Anti-infective agents are a vital category of pharmaceutical active pharmaceutical ingredients (APIs) used in the treatment of various infectious diseases. These agents play a crucial role in combating bacterial, viral, fungal, and parasitic infections. The demand for effective anti-infective APIs has grown significantly due to the increasing prevalence of drug-resistant microorganisms.

Anti-infective APIs encompass a wide range of substances, including antibiotics, antivirals, antifungals, and antiparasitics. Antibiotics are particularly important in fighting bacterial infections and are further categorized into different classes based on their mode of action and target bacteria. Antivirals are designed to inhibit viral replication and are essential in the treatment of viral infections such as influenza and HIV. Antifungals combat fungal infections, while antiparasitics are used to eliminate parasites that cause diseases like malaria and helminthiasis.

The development and production of high-quality anti-infective APIs require stringent manufacturing processes and adherence to regulatory standards. Pharmaceutical companies invest heavily in research and development to discover new and more effective anti-infective agents. Additionally, ensuring the safety, efficacy, and stability of these APIs is of utmost importance.

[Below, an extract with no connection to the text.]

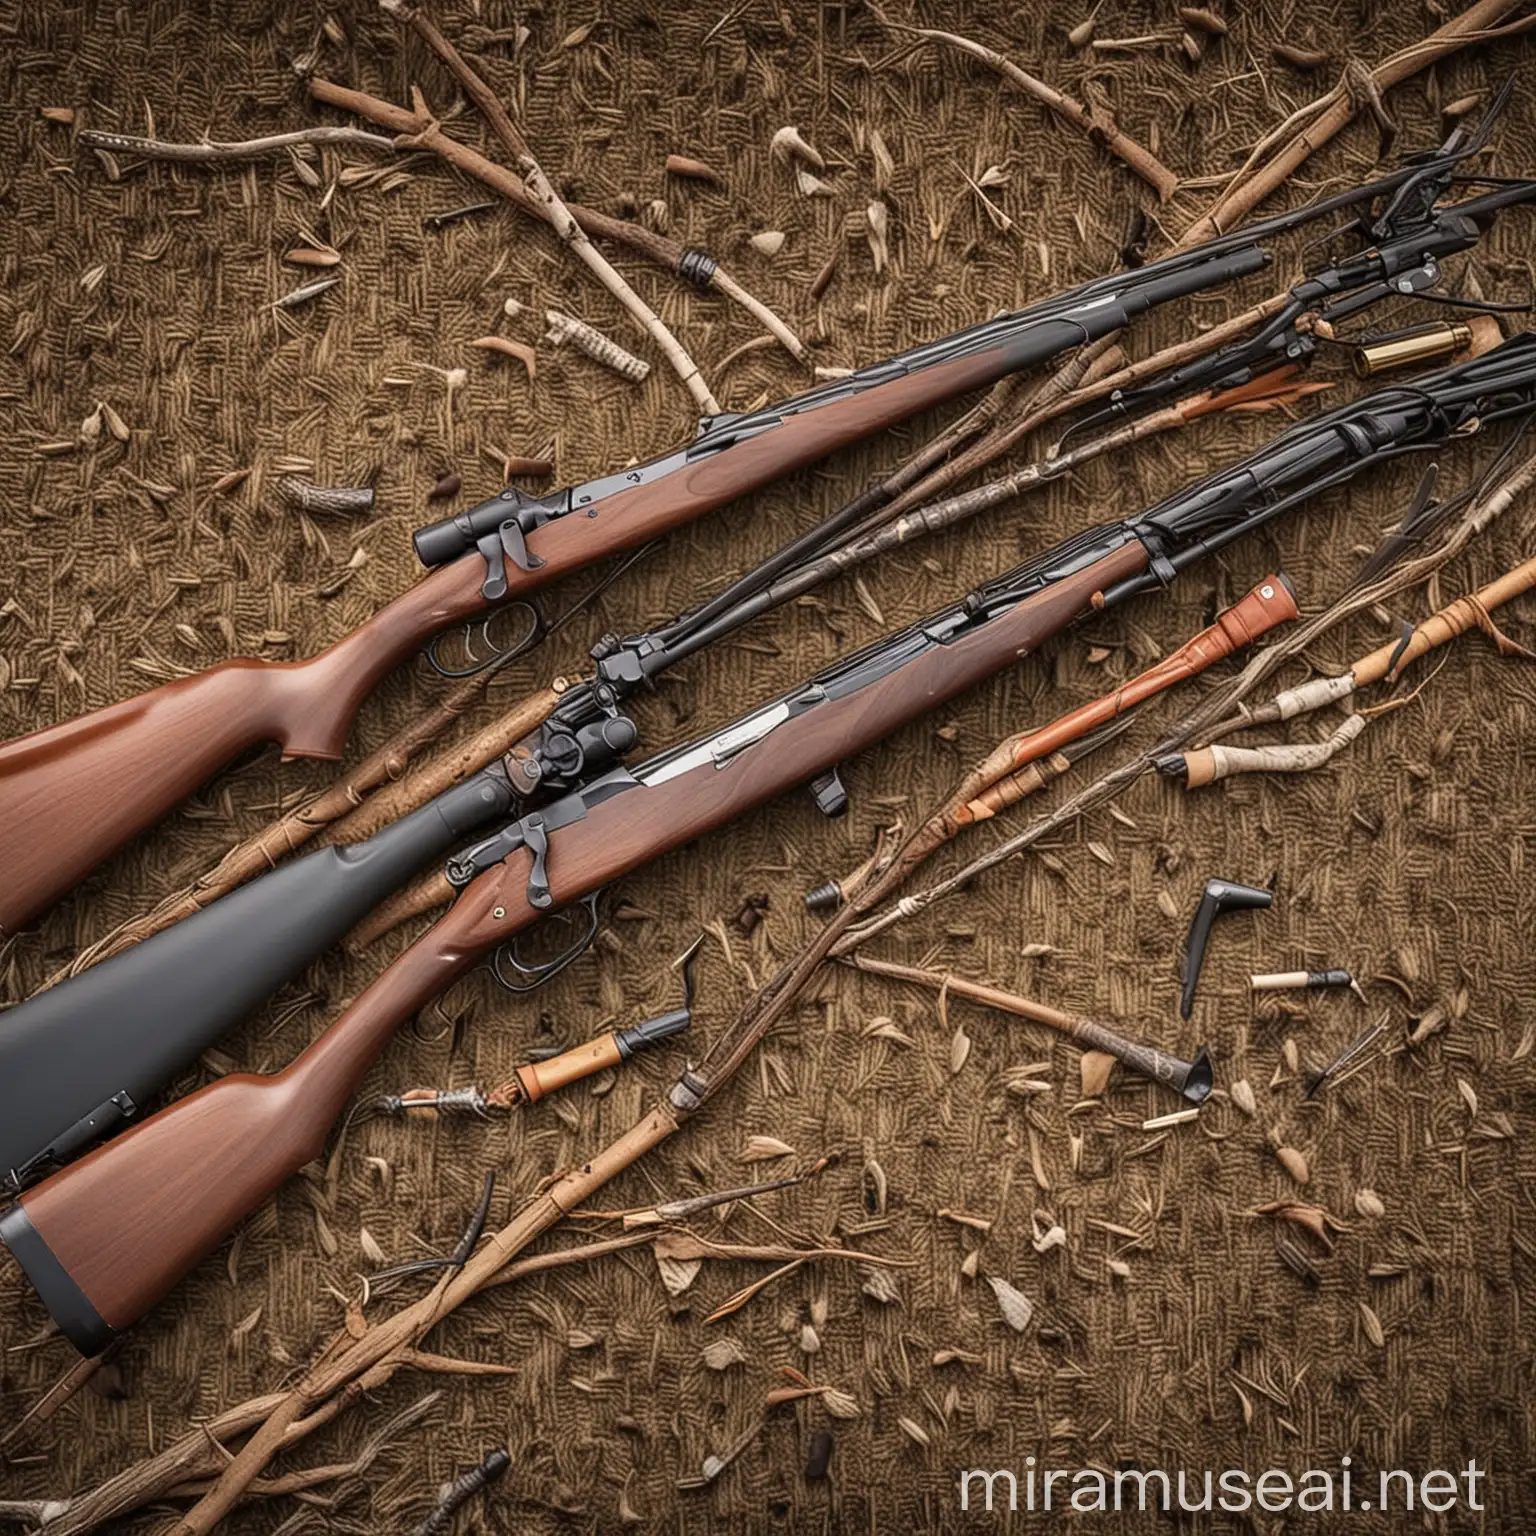 A hunting guns other than rifles and shotguns
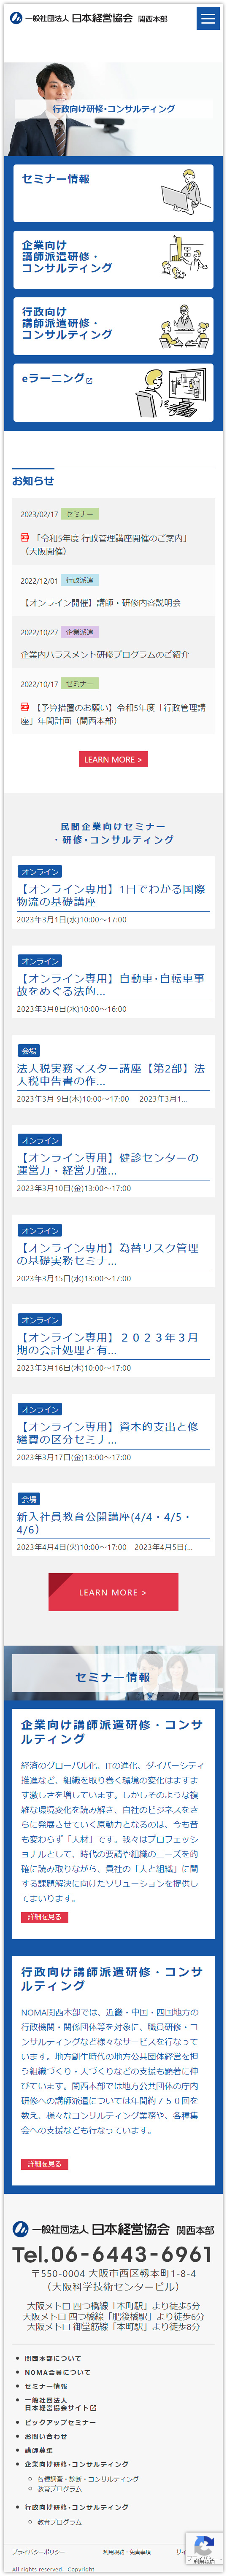 一般社団法人日本経営協会 関西本部スマートフォンホームページ

The global market for anti-infective APIs is driven by factors such as the rising incidence of infectious diseases, the emergence of new and drug-resistant pathogens, and the growing demand for improved healthcare infrastructure. Continuous advancements in pharmaceutical technology and the development of innovative drug delivery systems further contribute to the expansion of this market.

In conclusion, anti-infective agents are a critical category of pharmaceutical APIs that play a pivotal role in treating infectious diseases. Their effectiveness in combating various types of infections makes them essential components in the arsenal of modern medicine.